Available data:
• • • •

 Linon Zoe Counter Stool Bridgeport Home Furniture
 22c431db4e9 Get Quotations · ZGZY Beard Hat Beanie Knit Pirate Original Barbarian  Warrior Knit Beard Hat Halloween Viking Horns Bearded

• • • •

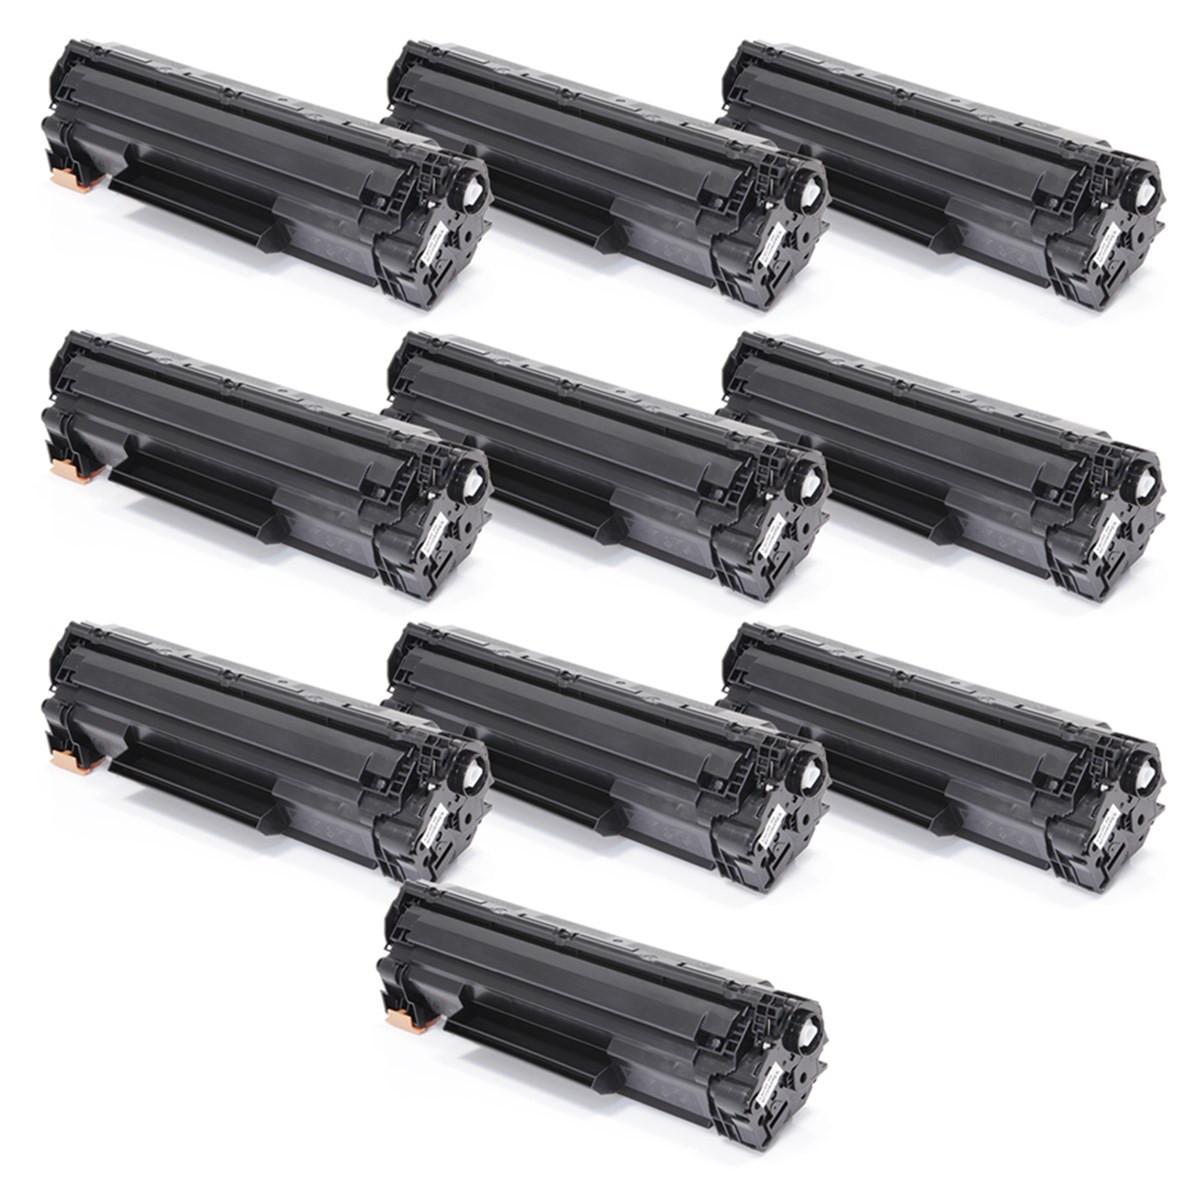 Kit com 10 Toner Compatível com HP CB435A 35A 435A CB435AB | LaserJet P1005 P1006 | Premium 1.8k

• • • •

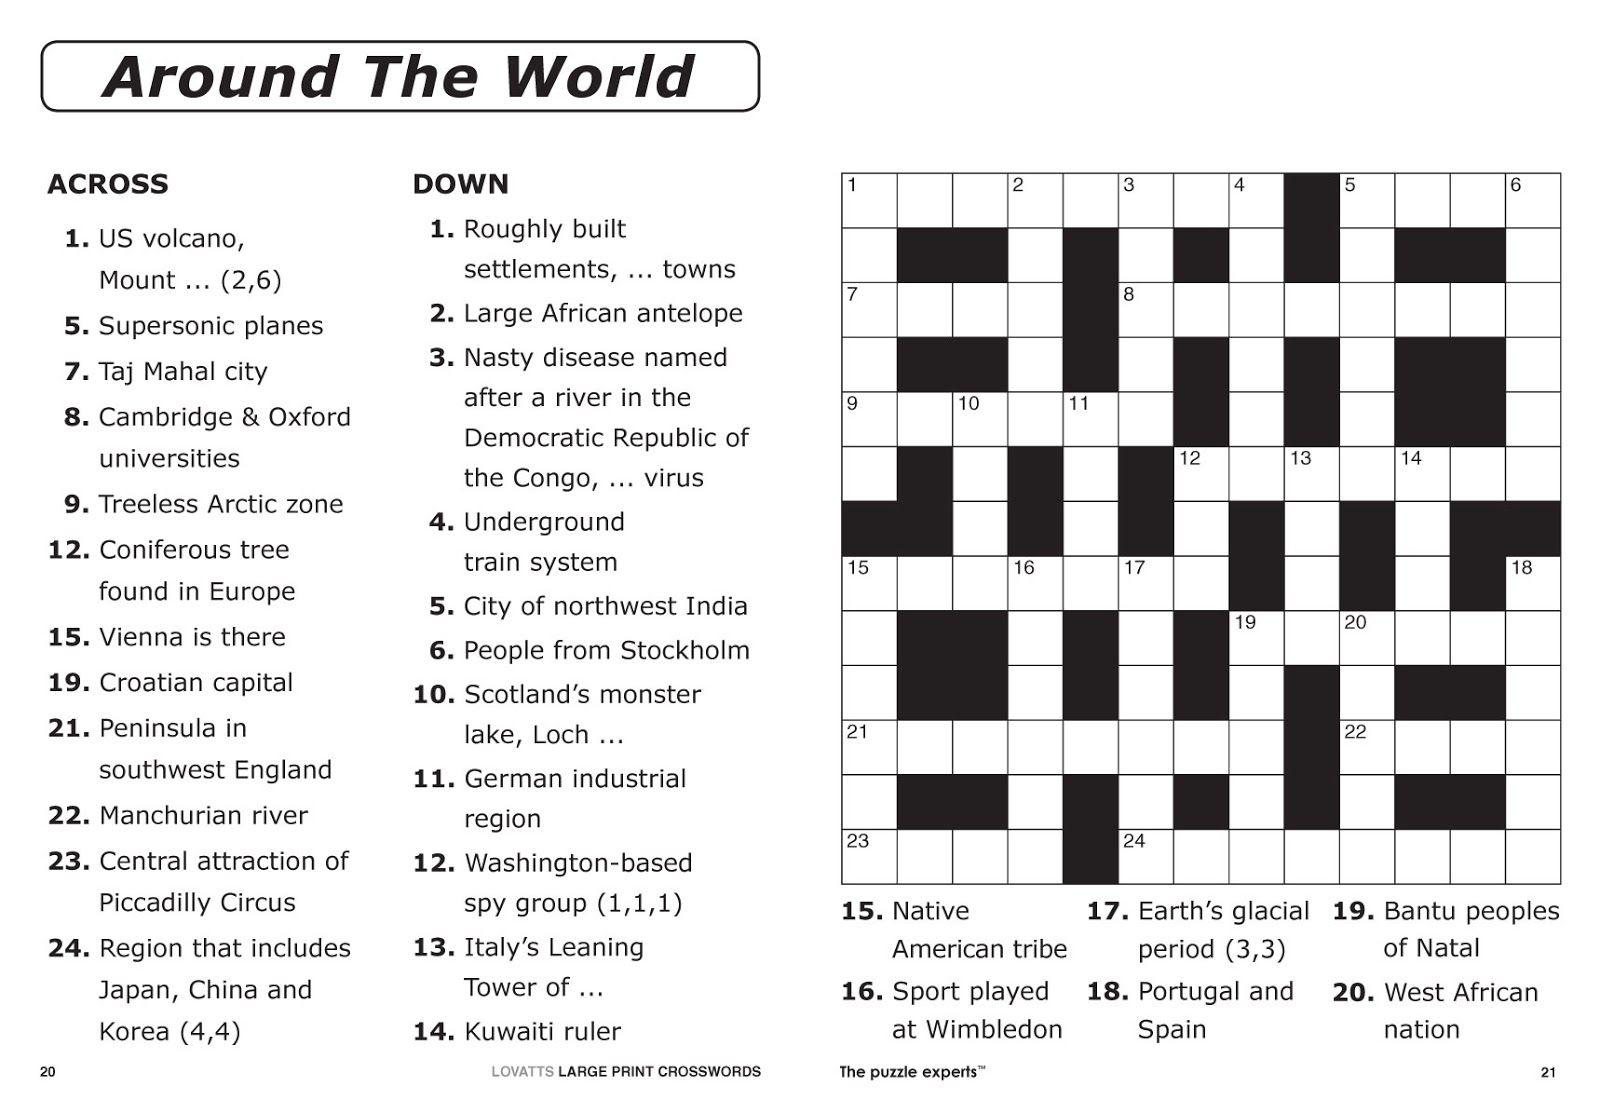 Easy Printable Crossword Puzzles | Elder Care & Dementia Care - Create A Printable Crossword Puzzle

• • • •

Prompt:
Would you print, exactly as written, every line above from the one holding "Linon Zoe Counter" through the one holding "22c431db4e9 Get Quotations", with both included and no other lines?

Expected answer:
 Linon Zoe Counter Stool Bridgeport Home Furniture
 22c431db4e9 Get Quotations · ZGZY Beard Hat Beanie Knit Pirate Original Barbarian  Warrior Knit Beard Hat Halloween Viking Horns Bearded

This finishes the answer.